Страдание - мера всех вещей, но в моих глазах еще не было пепла, хотя мне и стоило усилий унять в себе суету бессмысленного разговора, разраставшегося к ночи и мешавшего спать: он ползал по закоулкам сознания, словно ночная бабочка по углам, хватая мысль цепкими лапками боли, и был так же неуклюж, распустив серые свои крылья воображения, вызывавшие стыд днем.
Трех дней оказалось довольно, чтобы понять всю иллюзорность реальной разлуки. Сон разума рождал демонов, чувства побеждали, и она жила во мне привычкою фраз, автоматизмом реакций, непроизвольностью затверженных жестов, вновь и вновь сгущая краски видимого при закрытых глазах. Еще хуже было с телом. Память рук и колен, плеч, груди и особенно кожи была еще неотступней, навязчивей. Правда, может быть, я тороплю события, перенося назад в прошлое боль, испытанную мной позже, в новом моем одиночестве, когда опять оставшись ни с чем перед опустелым пропускником аэропорта, я понес прочь тяжесть тела, прикованного к земле. Теперь же только лишь первые ползки гнета двигались, наливаясь, во мне, и мне было достаточно неторопливой сигареты, чтобы вернуть в себя желанное безвесье.
На исходе второй недели она позвонила мне около семи часов, на закате, сказав с вопросом, что ближе к вечеру приведет ко мне в гости милого. Отвечав с развязностью радиошута, я перевел дух над замершим телефоном, и сейчас же, отхлынув и прихлынув к вискам, кровь возвестила о перемене событий: теперь я уже не ждал, но знал, что произойдет.
Как раз стемнело, когда, отворив на длинный, с переливами, звонок дверь, я увидал их рядом, тотчас бегло оглядев и оценив - безошибочной меркой расчета.
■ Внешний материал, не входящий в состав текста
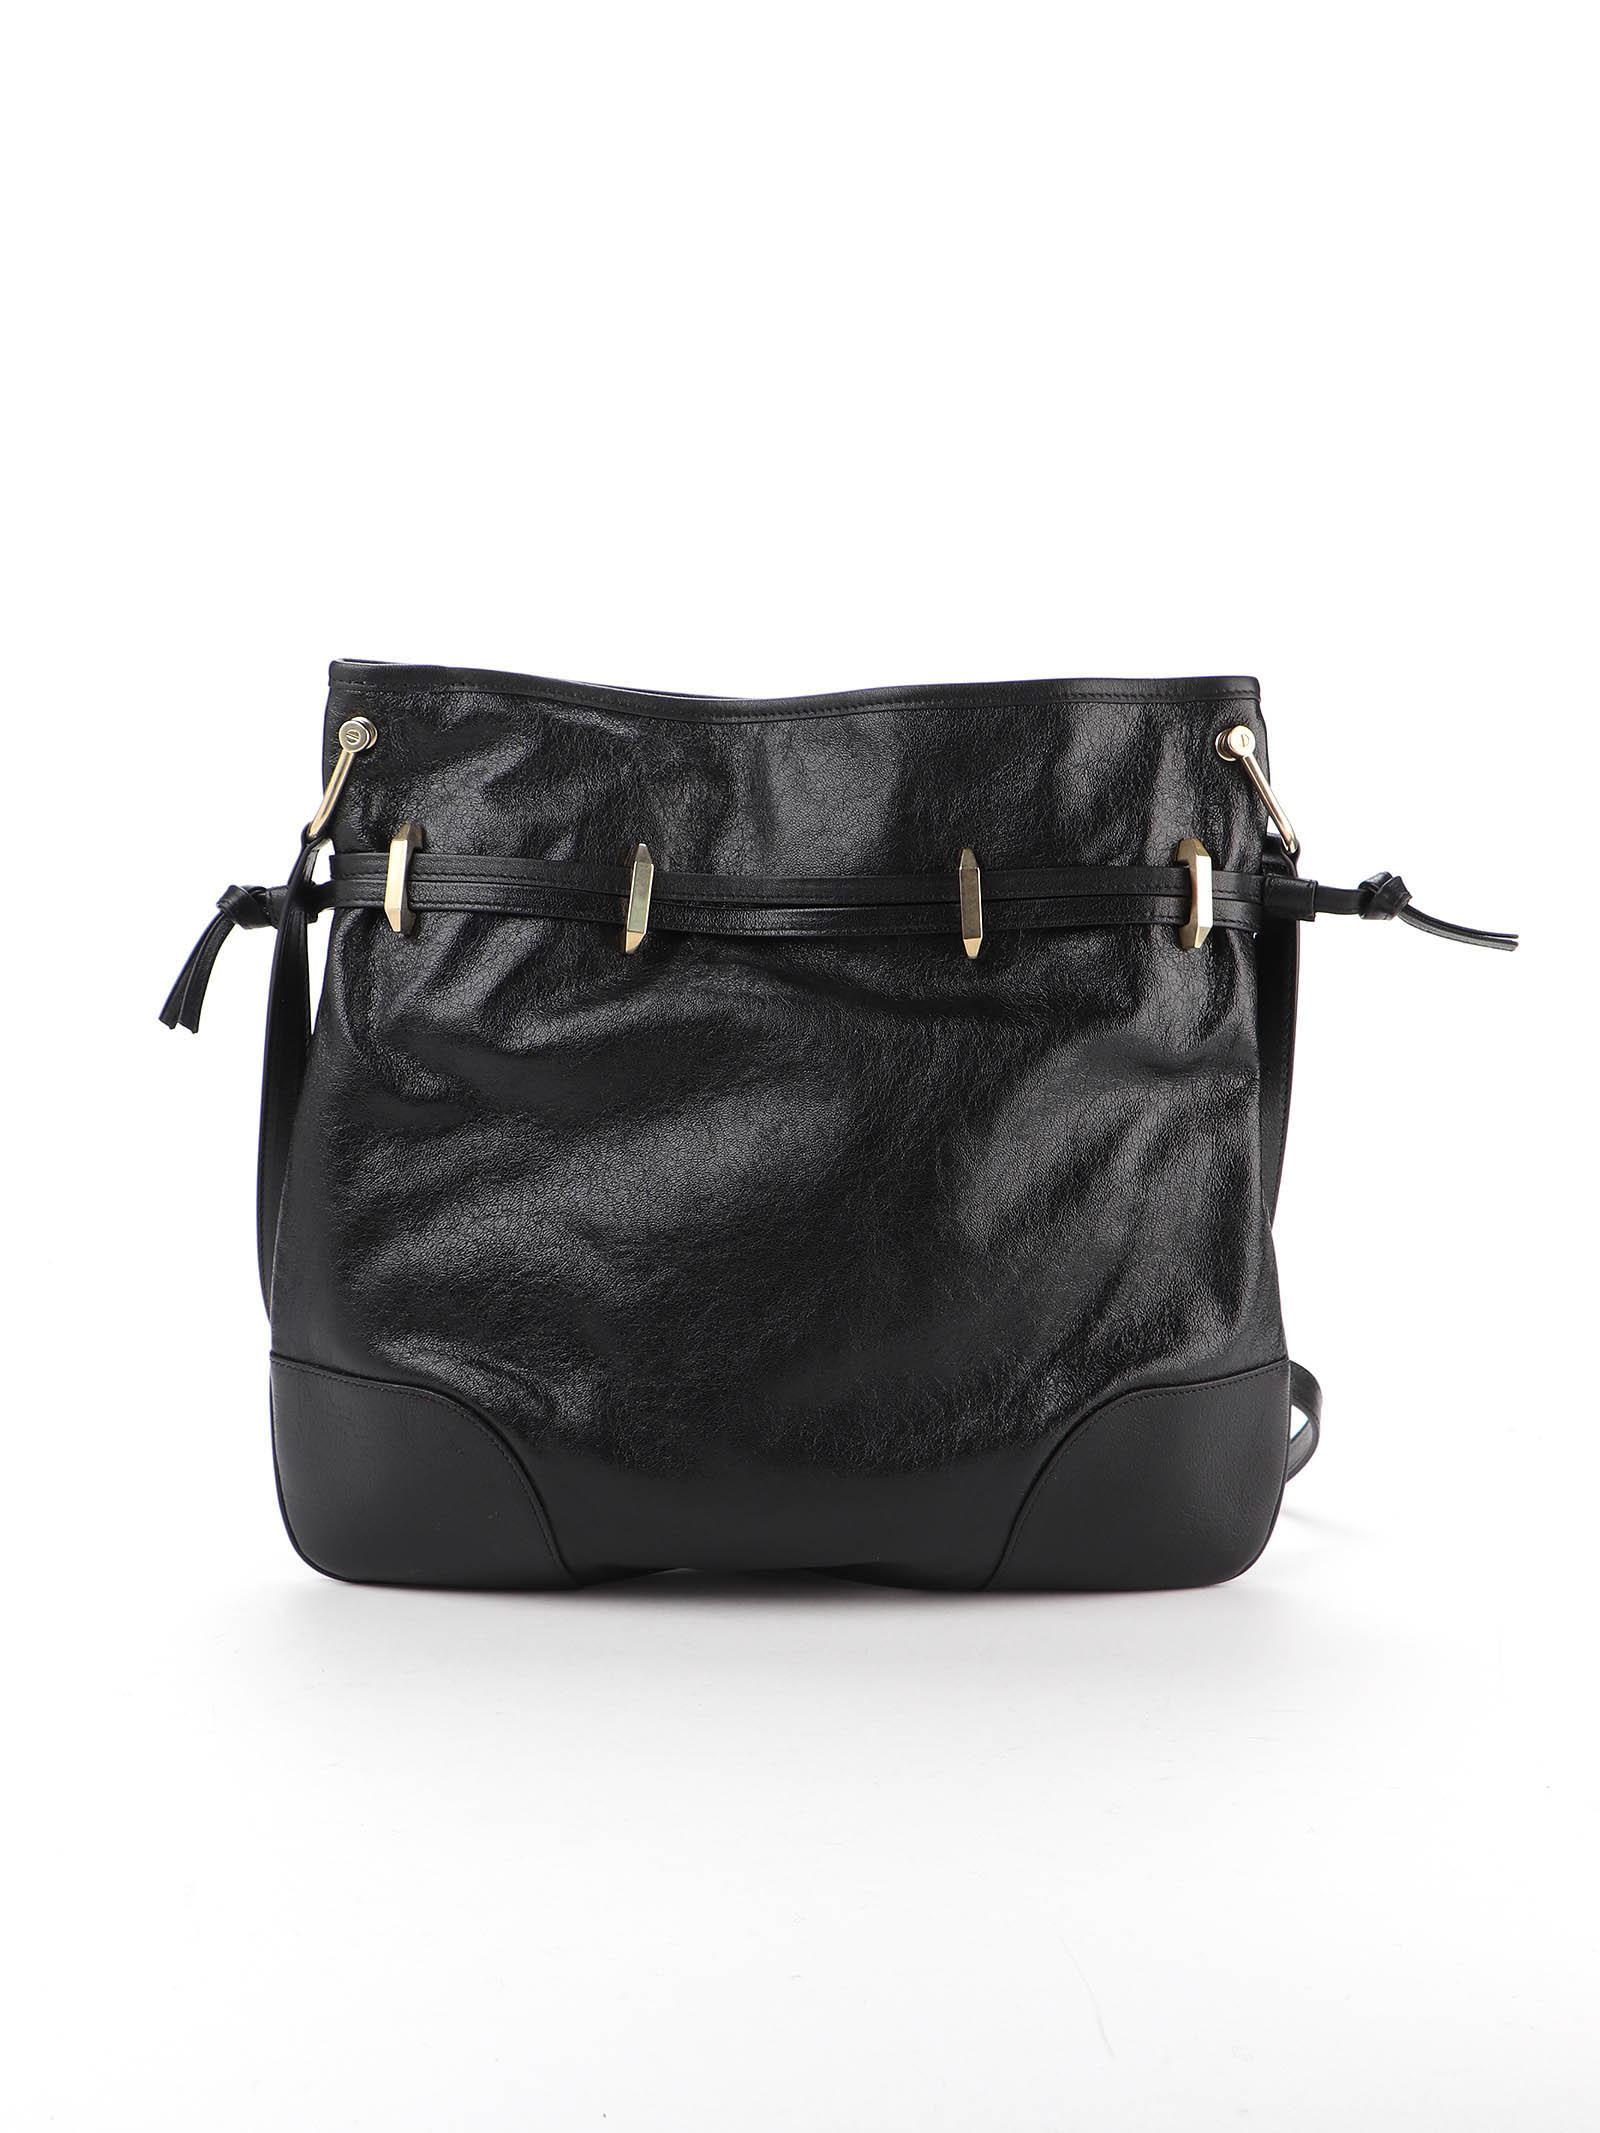 Picture of Gucci   Horsebit Bag

Погоны чувствовались на его плечах, хотя он был в штатском, она же казалась подле него похожей на его сестру куда больше, чем та крупнотелая моя бывшая соклассница, которая порой узнавала меня на улицах и кивала - до тех пор, пока однажды не встретила нас с нею...
Растягивая рот улыбкой фальшивой приязни, я проводил их в комнату, готовя скучные вопросы из послужного списка, предусмотренного безразличием гражданской вежливости. Скучные ответы загасили разговор. Прежде, раздумывая о геометрии наших отношений, обыкновенно представлял я в уме своем круг: треугольник отталкивал мысль прямолинейностью граней. Собственно, речь должна была бы вестись о кольце, разумеется, скованном ею, где он и я сходились у невидимой перемычки, продолжая в разные стороны общее меж нами. На удачу я произнес несколько ни к чему не обязывавших острот. Общий смех подтвердил верность избранного тона. Мы сели. Через полчаса я вспомнил об украинском домашнем вине, вывезенном мною из Киева, чьи достоинства широко известны, и которое он, кстати, тоже не раз имел случай хлебнуть в своем армейском Закарпатье.